■ **Provided data**
########################################
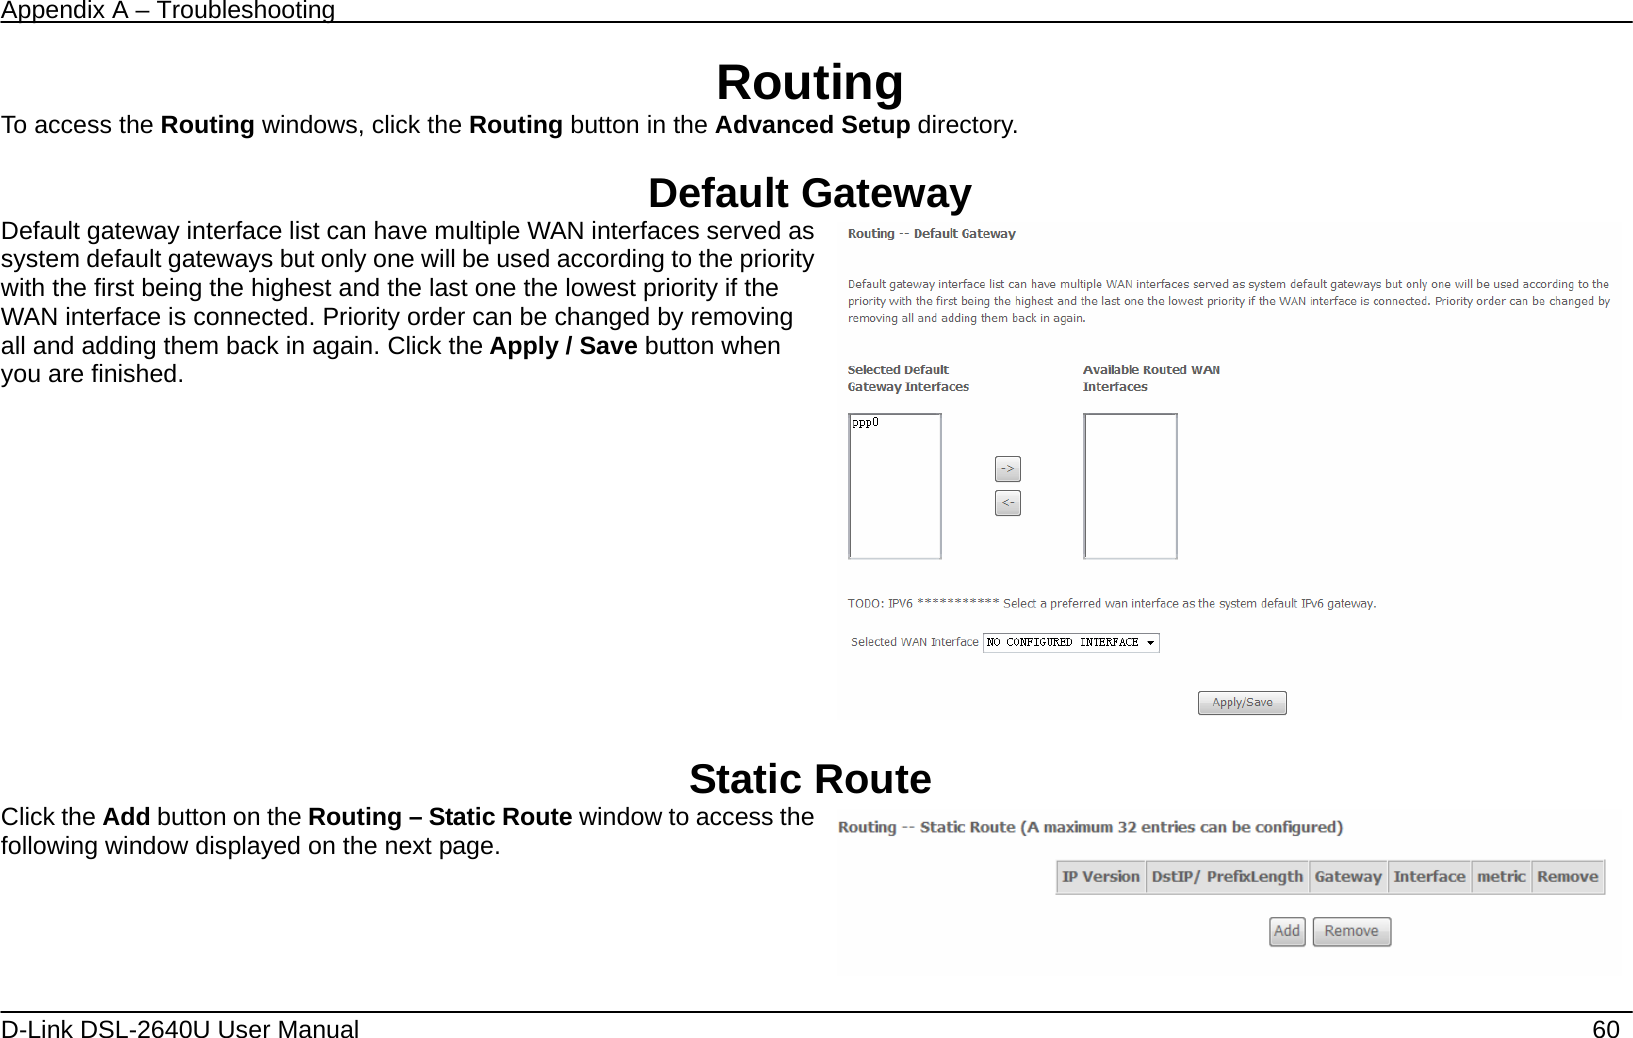 Appendix A – Troubleshooting   D-Link DSL-2640U User Manual    60 Routing To access the Routing windows, click the Routing button in the Advanced Setup directory.  Default Gateway Default gateway interface list can have multiple WAN interfaces served as system default gateways but only one will be used according to the priority with the first being the highest and the last one the lowest priority if the WAN interface is connected. Priority order can be changed by removing all and adding them back in again. Click the Apply / Save button when you are finished.     Static Route Click the Add button on the Routing – Static Route window to access the following window displayed on the next page.     
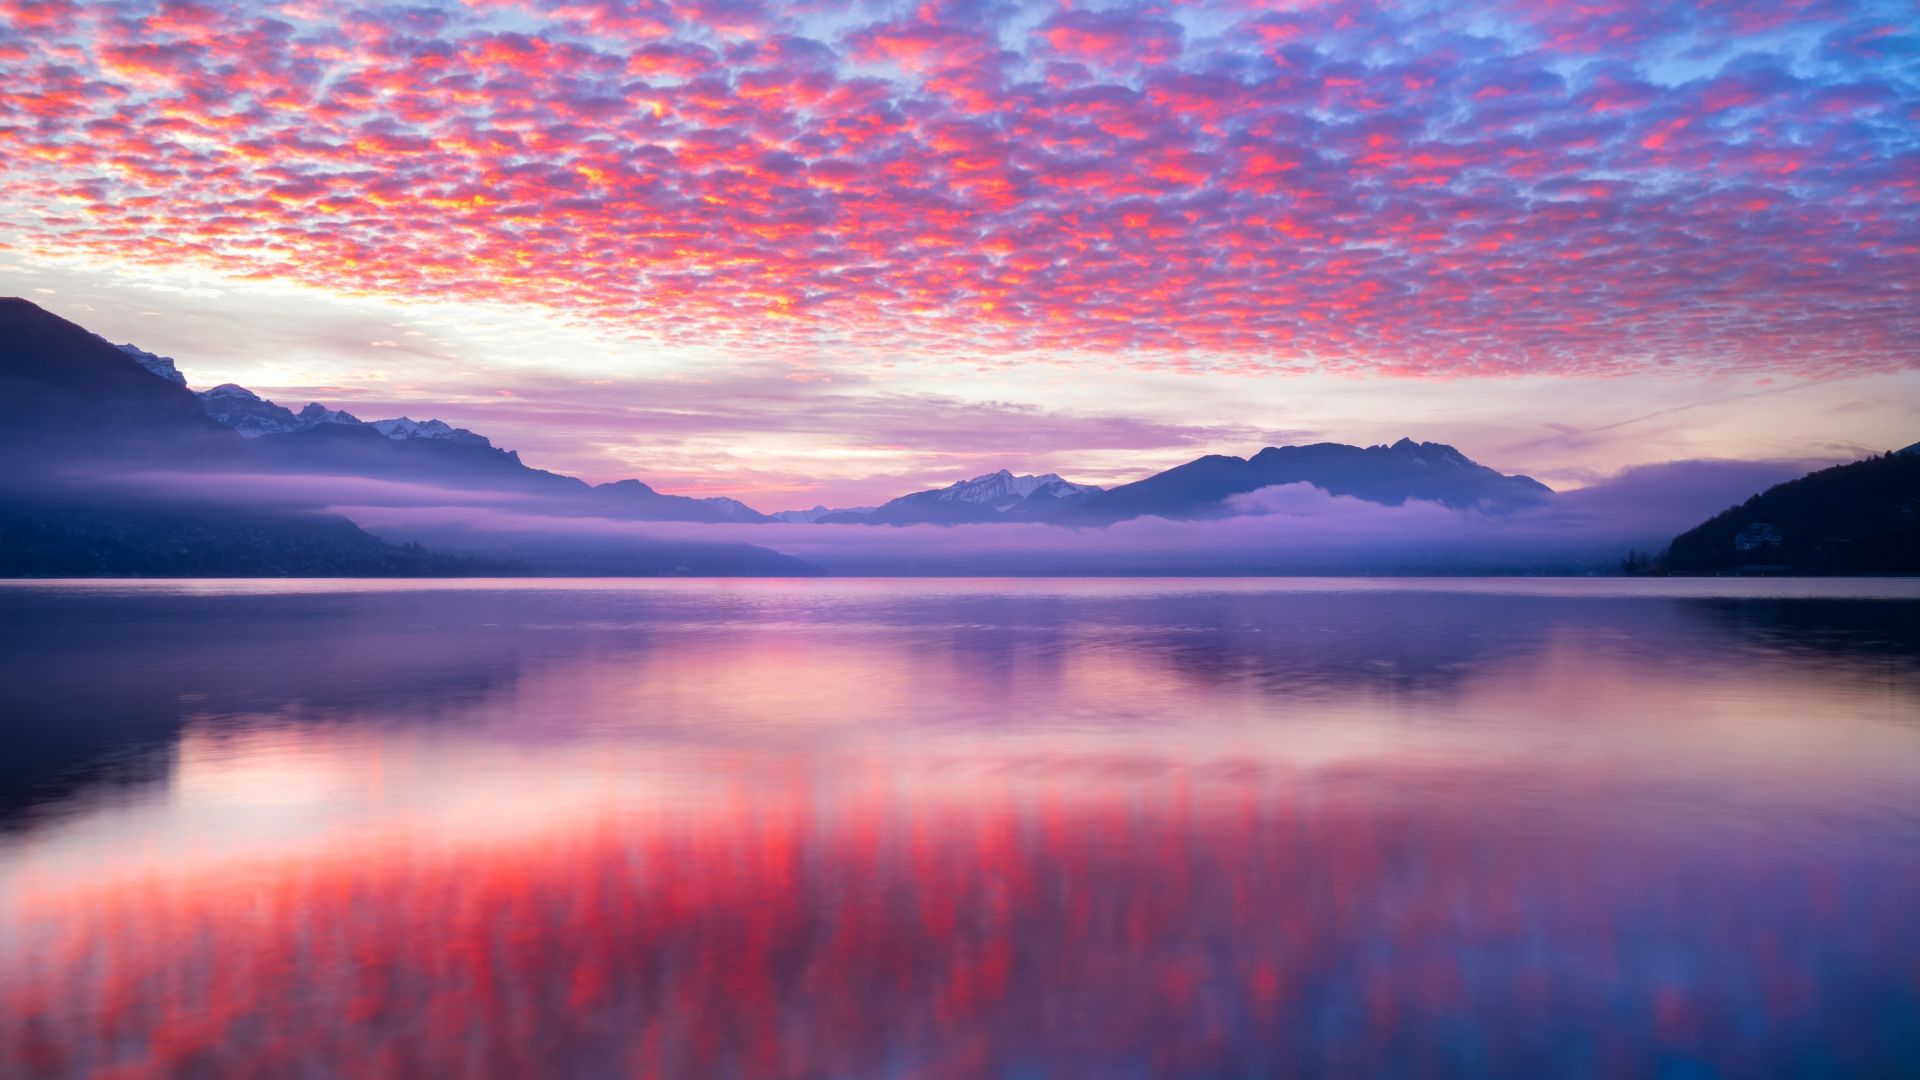 Desktop wallpaper mountains, pink clouds, reflections, lake, HD image, picture, background, 7ea02c
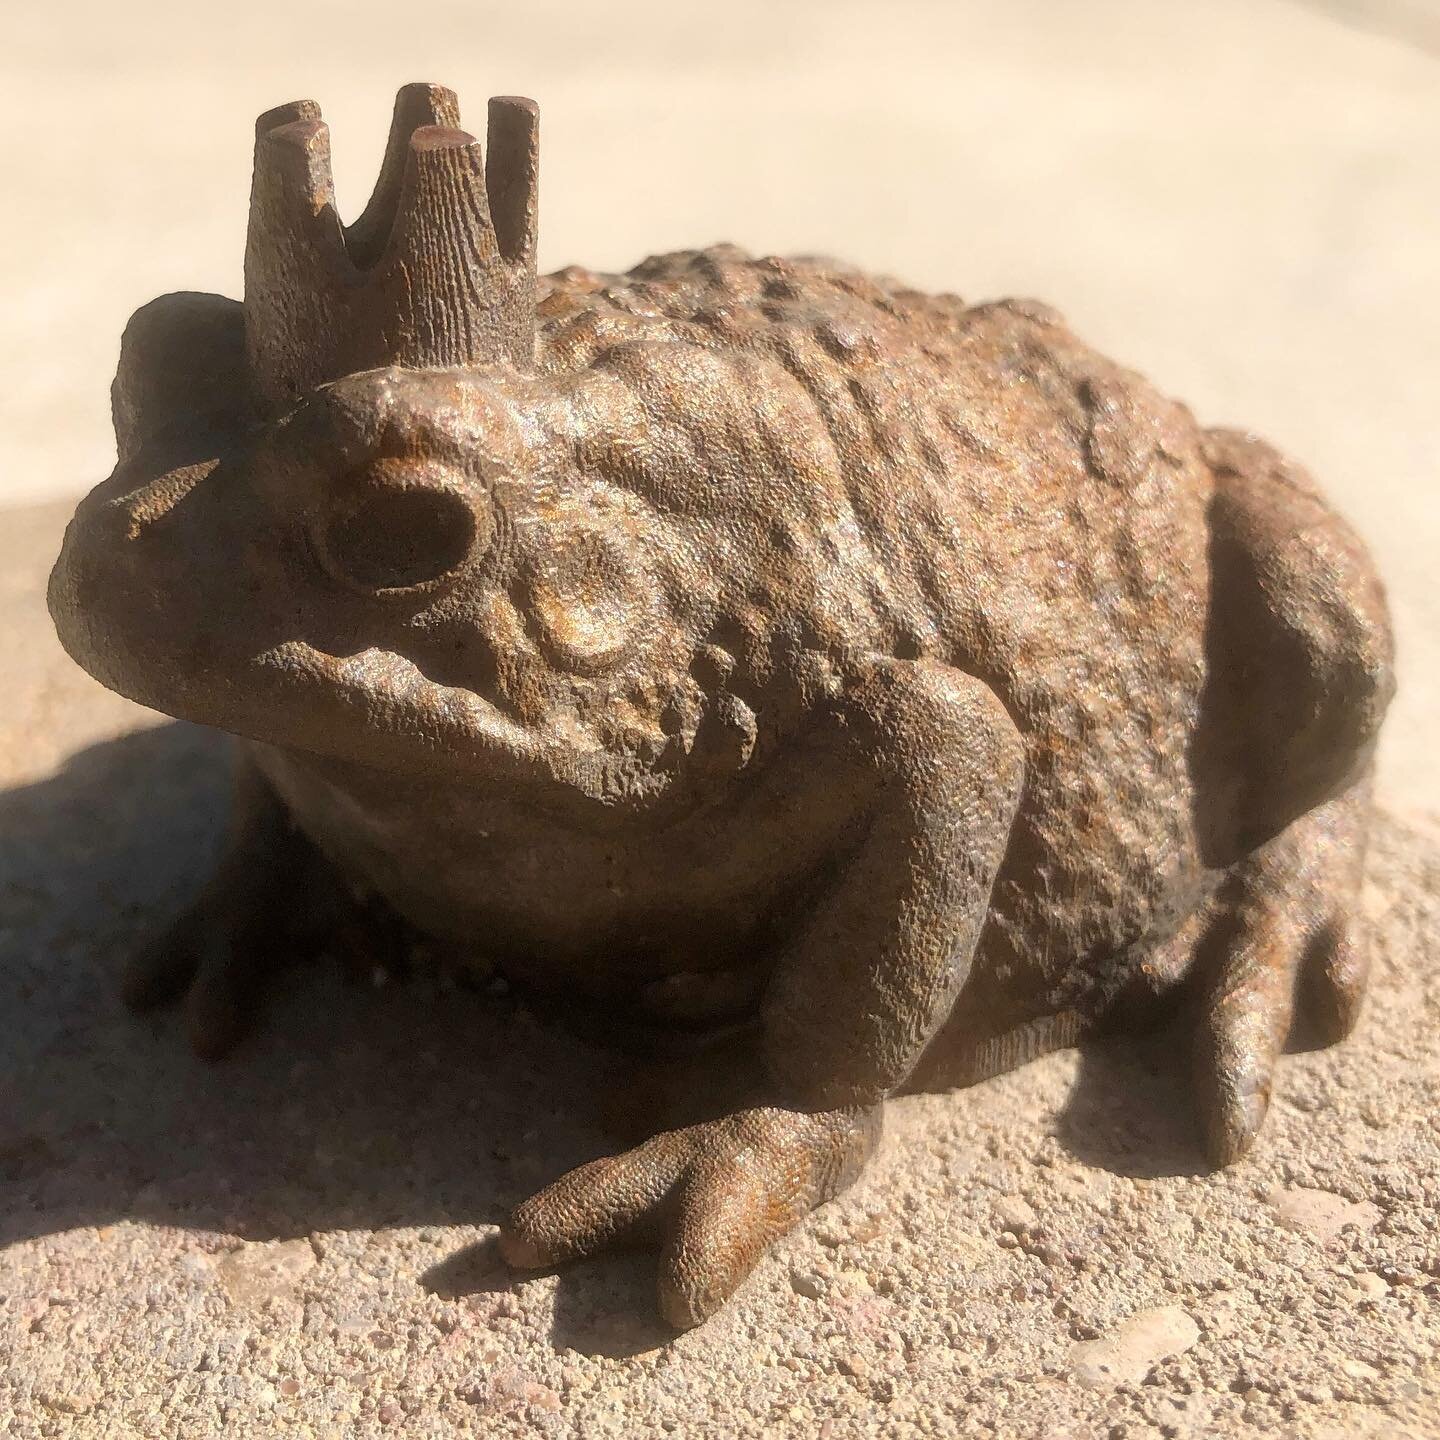 We love traditional cast bronze, but our Toad Prince tester in #3Dprinted bronze is holding up well in Austin TX! See the rest of the 2019 (traditional cast) bronze amphibious crew down on Sabine Street between 4th and 6th streets, Austin TX. #texast
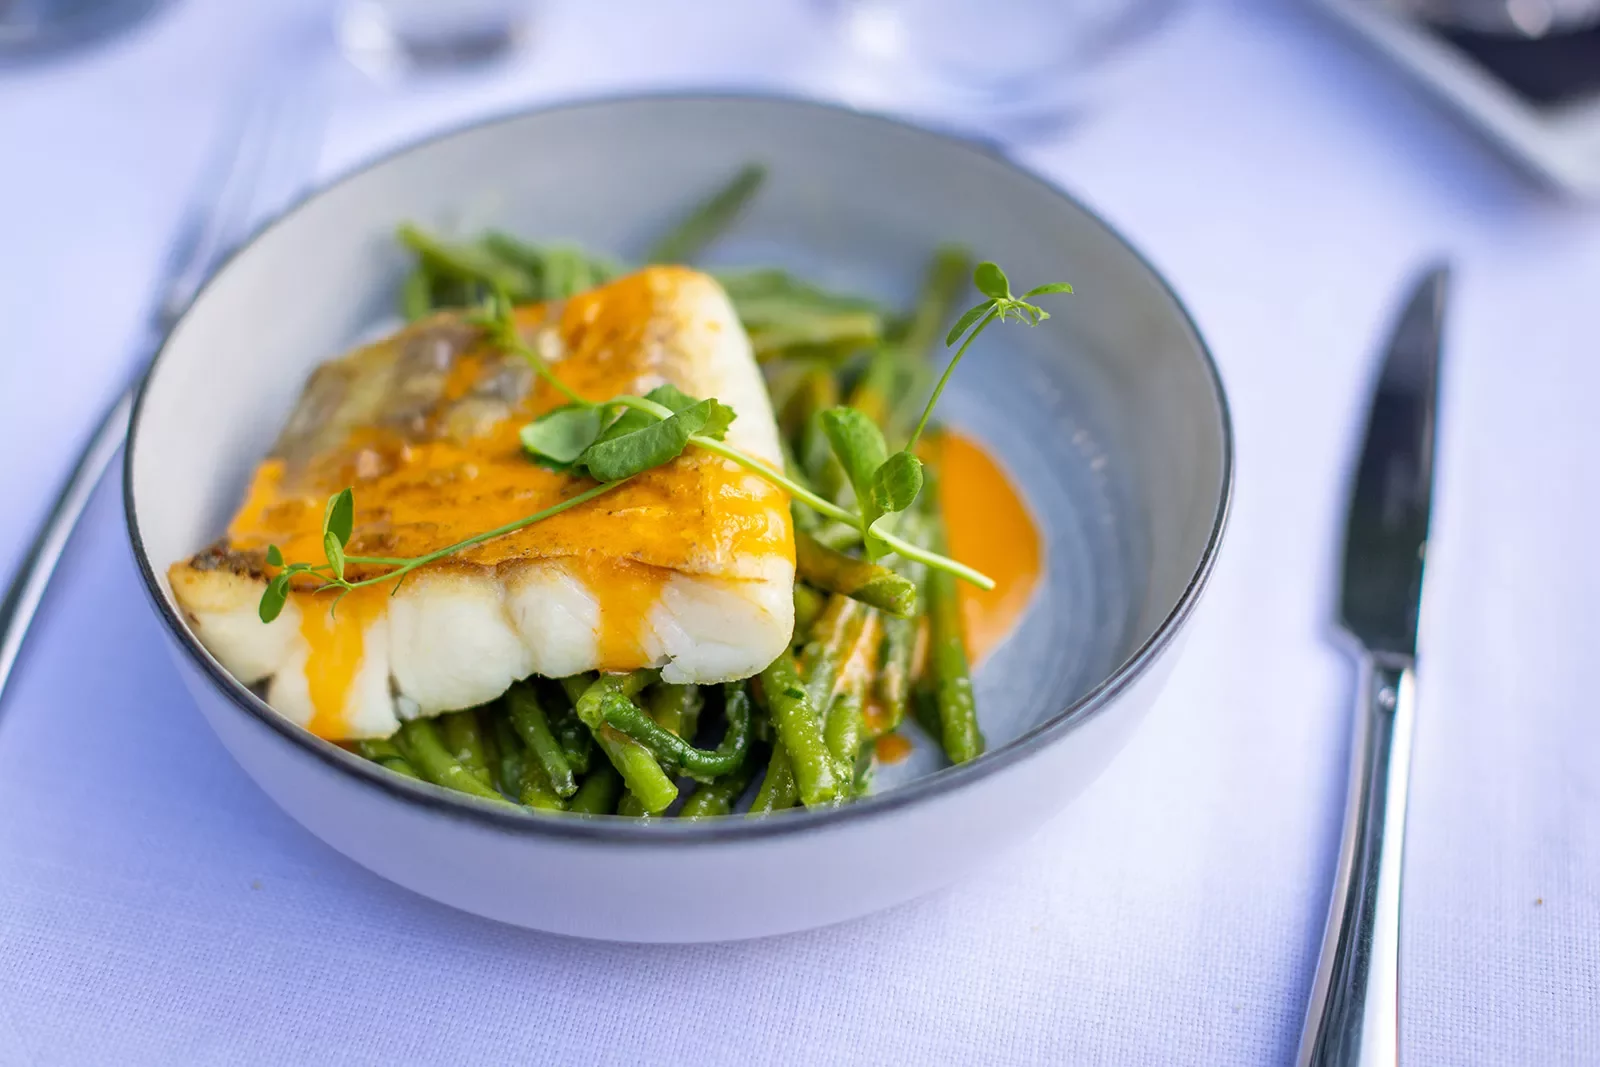 Plate of pan fried fish with an orange sauce, bed of greens.
########################################
■ **Your task**
Reproduce word for word the lines from the one containing "Desktop wallpaper mountains, pink" through the end of the data, both ends kept. Drop the pictures.

■ **Written response**
 Desktop wallpaper mountains, pink clouds, reflections, lake, HD image, picture, background, 7ea02c
 We love traditional cast bronze, but our Toad Prince tester in #3Dprinted bronze is holding up well in Austin TX! See the rest of the 2019 (traditional cast) bronze amphibious crew down on Sabine Street between 4th and 6th streets, Austin TX. #texast
 Plate of pan fried fish with an orange sauce, bed of greens.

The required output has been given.